III. CIGANOS E DINÂMICAS DE MOBILIDADE: DESAFIOS AOS PROCESSOS

3. O trabalho de terreno

3.2. Dos elementos facilitadores às resistências, dificuldades e estranhezas

Um dos aspectos que era impossível prever antes da entrada no campo relacionava-se com os possíveis papéis a desempenhar pelos investigadores, independentemente de serem homens ou mulheres. A identificação dos domínios onde os observadores poderiam ter um papel mais participativo e a percepção de como ir ajustando esta participação só foi possível após os primeiros contactos com as diferentes unidades de observação. Esta participação assumia um papel central no estreitar das relações de confiança, mas também permitia diminuir a distância social do investigador, minimizando os efeitos do investigador nos dados recolhidos (Hammersley e Atkinson, 1995 [1983]: 109).

Como salienta Guash, nos processos de interacção existe sempre um “duelo pela informação”, onde o acesso aos dados fica sempre condicionado em função da disponibilidade das partes em fornecê-la, do contexto espacial e temporal da interacção, da imagem que cada interveniente no processo pretende apresentar de si e pelo conjunto de condutas associado a certos contextos. Este autor conclui, então, que o êxito da investigação dependerá da habilidade do observador em correlacionar todos estes factores na análise das situações (Guash, 1997). No fundo, trata- se da capacidade dos investigadores se colocarem no lugar do Outro ou, como refere Cefaï, se instalarem entre dois para tornar possível uma tradução recíproca. Seguindo J. Dewey, o autor refere que o investigador deve ter a criatividade do artista, a sua imaginação produtiva e a sua intuição empática (Cefaï, 2003: 517-518).

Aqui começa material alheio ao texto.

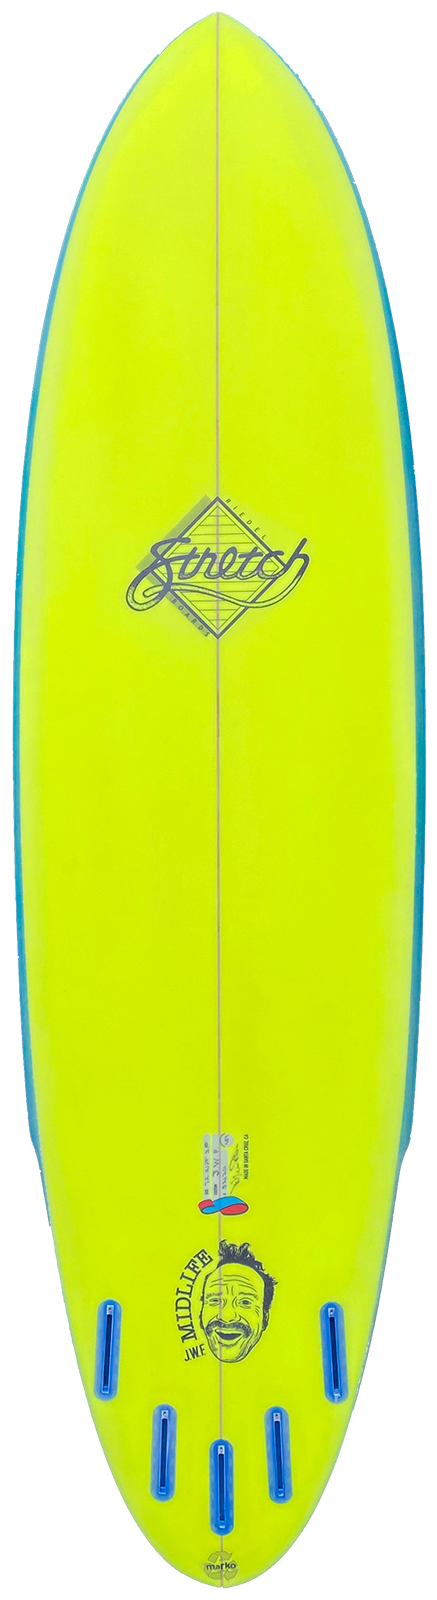 Midlife surfboard

Independentemente dos diferentes papéis que poderiam ser assumidos em cada contexto, um aspecto transversal a ter em conta no registo e análise da informação prendia-se com as condicionantes da interacção, nomeadamente as características objectivas dos investigadores e as formas como estas seriam percebidas pelos outros. Para além dos comportamentos e atitudes dos investigadores não serem estáveis ao longo do percurso de pesquisa, a sua presença, por mais naturalizada que estivesse, tornava inevitável uma interferência na forma como eram estabelecidas as interacções, inclusive no decurso das acções da vida quotidiana. Estar alerta a estas interferências e saber interpretá-las constituíam dois aspectos que estavam presentes entre todos os investigadores.

Com o desenrolar do trabalho de terreno algumas resistências emergiram, dificultando o acesso à informação e exigindo, por parte dos investigadores, uma gestão criteriosa das interacções no sentido de as ultrapassarem.

Tirando partido da bagagem conceptual e de experiência de campo da equipa, não encetámos o trabalho de terreno fazendo tábua rasados conhecimentos adquiridos, antes aproveitando-os de modo a alcançar outros níveis de análise mais complexos. Inicialmente, revelávamos ter conhecimento que se organizavam num sistema a que chamam de “raças”; que a existência de conflitos (os designados “contrários) reconfigurava a utilização dos territórios; que gostavam de cozinhar com funcho; que existiam interdições sociais associadas do luto, etc. Este tipo de manifestações gerou surpresa e comentários entre eles acerca do conhecimento que detínhamos, assim como suscitou a percepção de que já teríamos tido contacto com outros ciganos, contribuindo, indubitavelmente, para uma aproximação recíproca. Nestas ocasiões acabavam por relatar outros aspectos como se fossem ao encontro das nossas expectativas. Mas, por vezes, recebíamos informações discrepantes sobre um assunto que já havia sido abordado. Noutras situações ter-nos-ão contado apenas parcialmente ou ocultado o que não queriam que soubéssemos, noutras terão existido equívocos de ambas as partes.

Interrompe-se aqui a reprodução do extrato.